In [1]:
import pandas as pd
import numpy as np
import nltk
import re
import matplotlib.pyplot as plt
import seaborn as sns

# Download necessary NLTK resources
nltk.download('punkt')
nltk.download('stopwords')
nltk.download('wordnet')

from nltk.corpus import stopwords
from nltk.tokenize import word_tokenize
from nltk.stem import WordNetLemmatizer
from textblob import TextBlob

[nltk_data] Downloading package punkt to /home/deepak/nltk_data...
[nltk_data]   Package punkt is already up-to-date!
[nltk_data] Downloading package stopwords to /home/deepak/nltk_data...
[nltk_data]   Package stopwords is already up-to-date!
[nltk_data] Downloading package wordnet to /home/deepak/nltk_data...
[nltk_data]   Package wordnet is already up-to-date!


In [2]:
# Step 1: Load and Explore Dataset
file_path = '/home/deepak/dsciProject/new/new_new_song_lyrics.csv'

def load_and_explore_dataset(file_path):
    try:
        df = pd.read_csv(file_path, encoding='utf-8')
        print(f"Total entries: {len(df)}")
        print("\nLanguage Distribution:")
        print(df['language'].value_counts())
        print("\nGenre Distribution:")
        print(df['tag'].value_counts().head())
        df_english = df[df['language'] == 'en'].copy()
        print(f"\nEnglish lyrics count: {len(df_english)}")
        return df_english
    except Exception as e:
        print(f"Error: {e}")
        return None

df_english = load_and_explore_dataset(file_path)

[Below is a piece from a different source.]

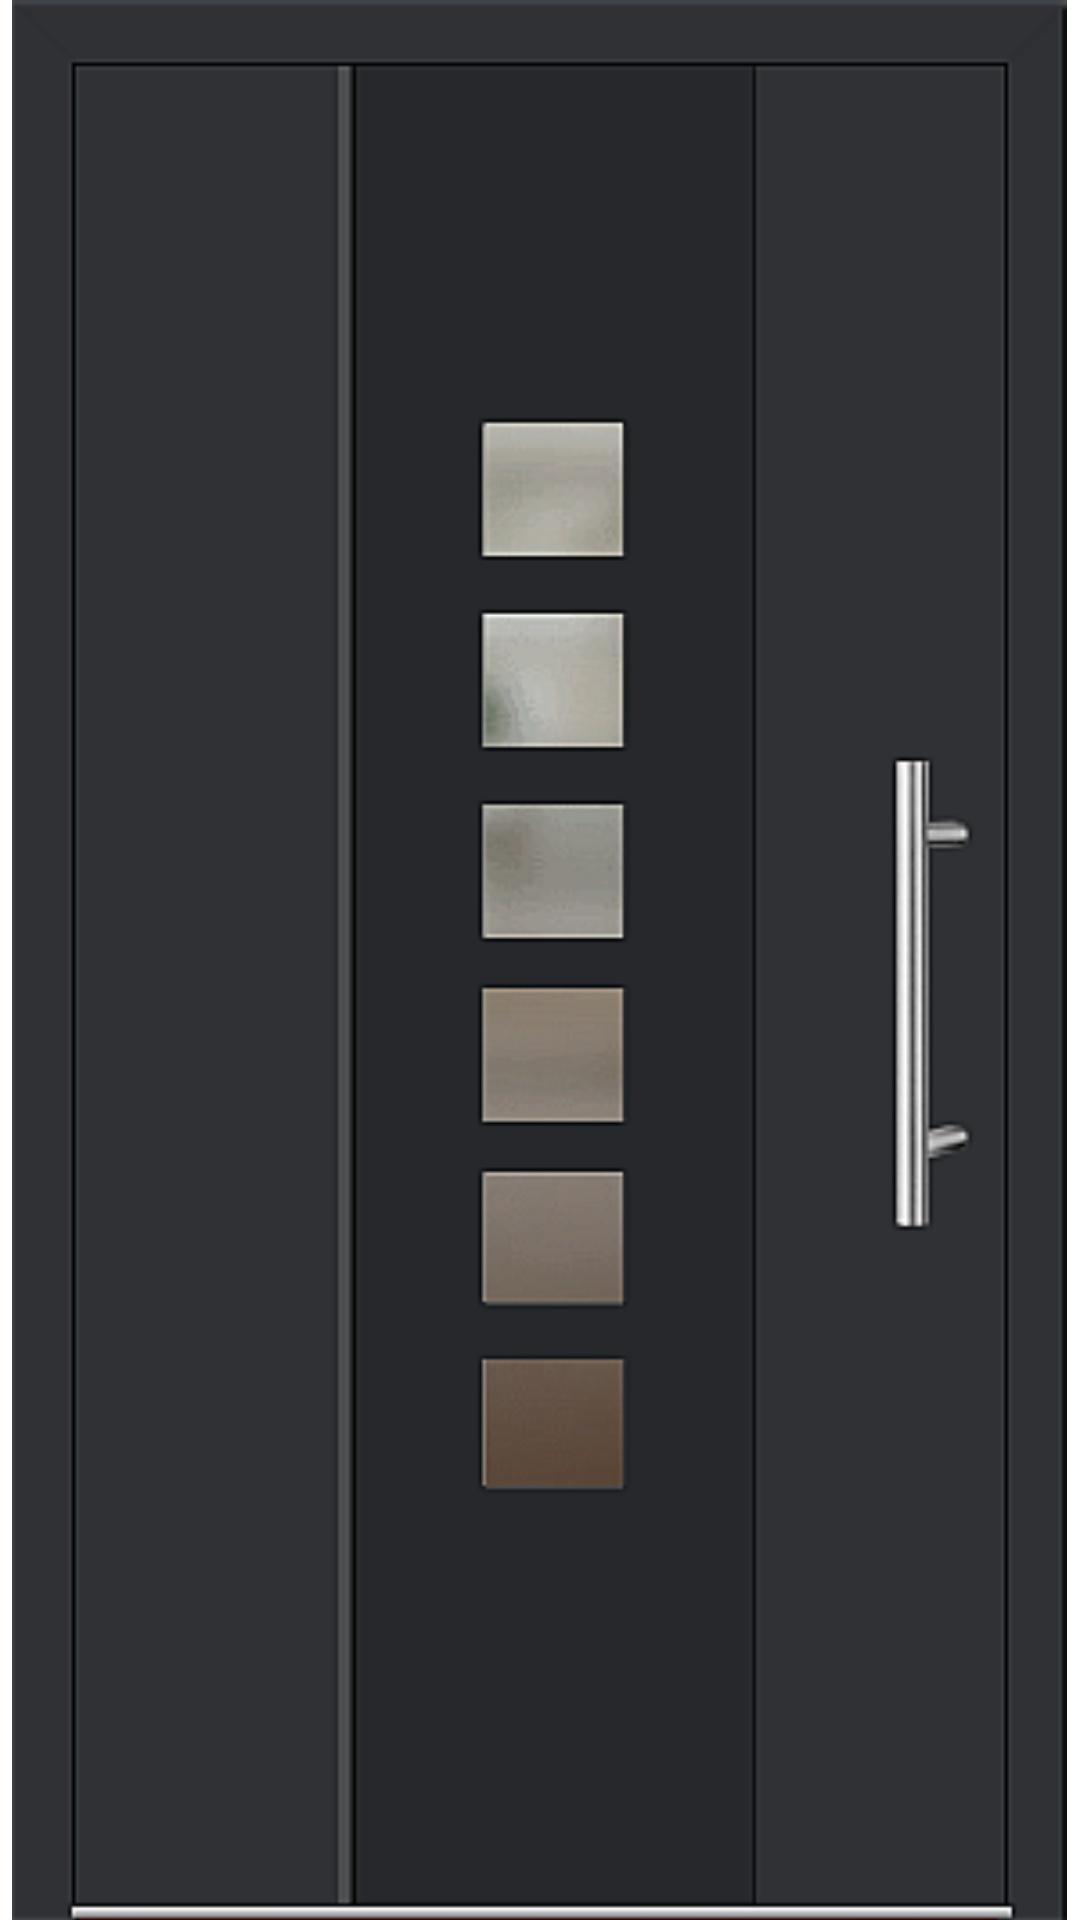 Aluminium Haustür Modell 6193-58 schwarz
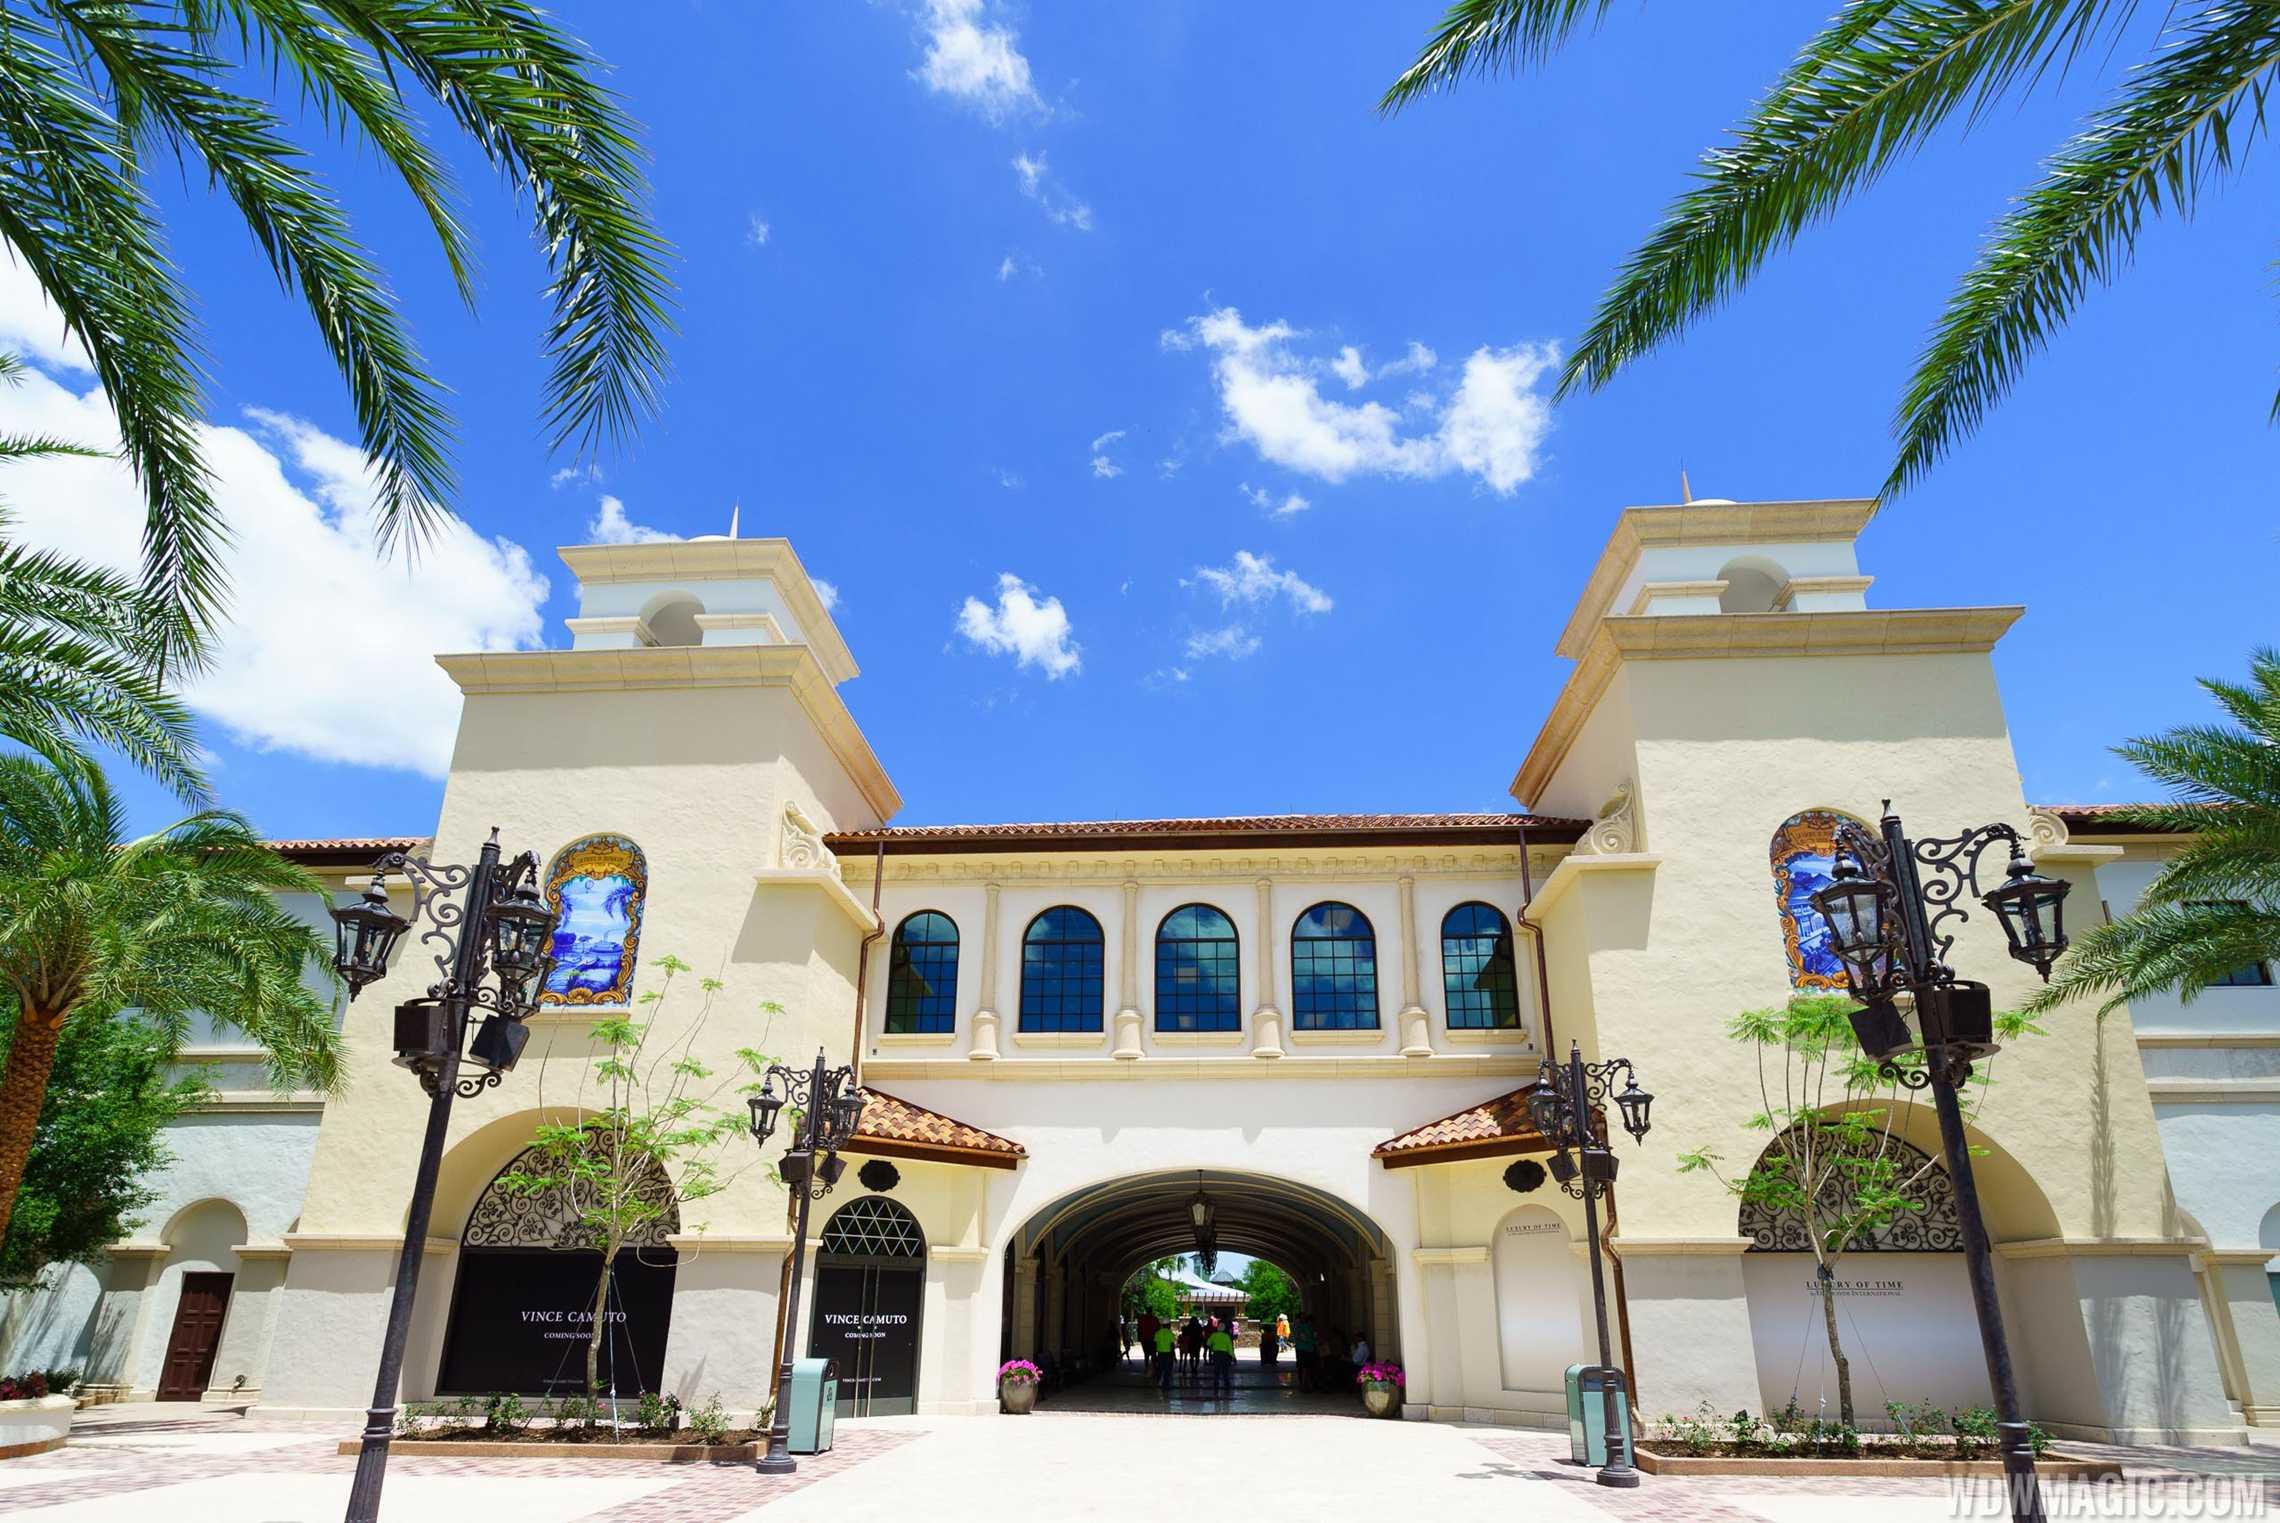 Disney Springs main entrance

Error: Error tokenizing data. C error: EOF inside string starting at row 2667951


In [3]:
# Step 2: Clean Lyrics
def clean_lyrics(text):
    if not isinstance(text, str):
        return ""
    text = text.lower()
    text = re.sub(r'\[.*?\]', '', text)
    text = re.sub(r'[^a-z\s]', '', text)
    text = re.sub(r'\s+', ' ', text).strip()
    return text

In [4]:
# Step 3: Remove Stopwords
def remove_stopwords(text):
    stop_words = set(stopwords.words('english'))
    word_tokens = word_tokenize(text)
    return ' '.join([word for word in word_tokens if word not in stop_words])

In [None]:
# Step 4: Preprocess Dataset
def preprocess_lyrics_dataset(df):
    df['cleaned_lyrics'] = df['lyrics'].apply(clean_lyrics)
    df['processed_lyrics'] = df['cleaned_lyrics'].apply(remove_stopwords)
    return df

if df_english is not None:
    df_processed = preprocess_lyrics_dataset(df_english)

In [None]:
# Step 5: Sentiment Analysis
def analyze_lyrics_sentiment(text):
    blob = TextBlob(text)
    polarity = blob.sentiment.polarity
    subjectivity = blob.sentiment.subjectivity
    sentiment = 'Positive' if polarity > 0.05 else 'Negative' if polarity < -0.05 else 'Neutral'
    return {'sentiment': sentiment, 'polarity': polarity, 'subjectivity': subjectivity}

df_processed['sentiment_analysis'] = df_processed['processed_lyrics'].apply(analyze_lyrics_sentiment)
df_processed['sentiment'] = df_processed['sentiment_analysis'].apply(lambda x: x['sentiment'])
df_processed['polarity'] = df_processed['sentiment_analysis'].apply(lambda x: x['polarity'])
df_processed['subjectivity'] = df_processed['sentiment_analysis'].apply(lambda x: x['subjectivity'])

In [None]:
# Step 6: Visualization
def visualize_sentiment_distribution(df):
    plt.figure(figsize=(12, 5))
    plt.subplot(1, 2, 1)
    df['sentiment'].value_counts().plot(kind='pie', autopct='%1.1f%%')
    plt.title('Sentiment Distribution')
    plt.subplot(1, 2, 2)
    df.groupby('tag')['sentiment'].value_counts(normalize=True).unstack().plot(kind='bar', stacked=True)
    plt.title('Sentiment by Genre')
    plt.tight_layout()
    plt.show()

visualize_sentiment_distribution(df_processed)

In [None]:
# Save Processed Data
df_processed.to_csv('processed_genius_lyrics_dataset.csv', index=False)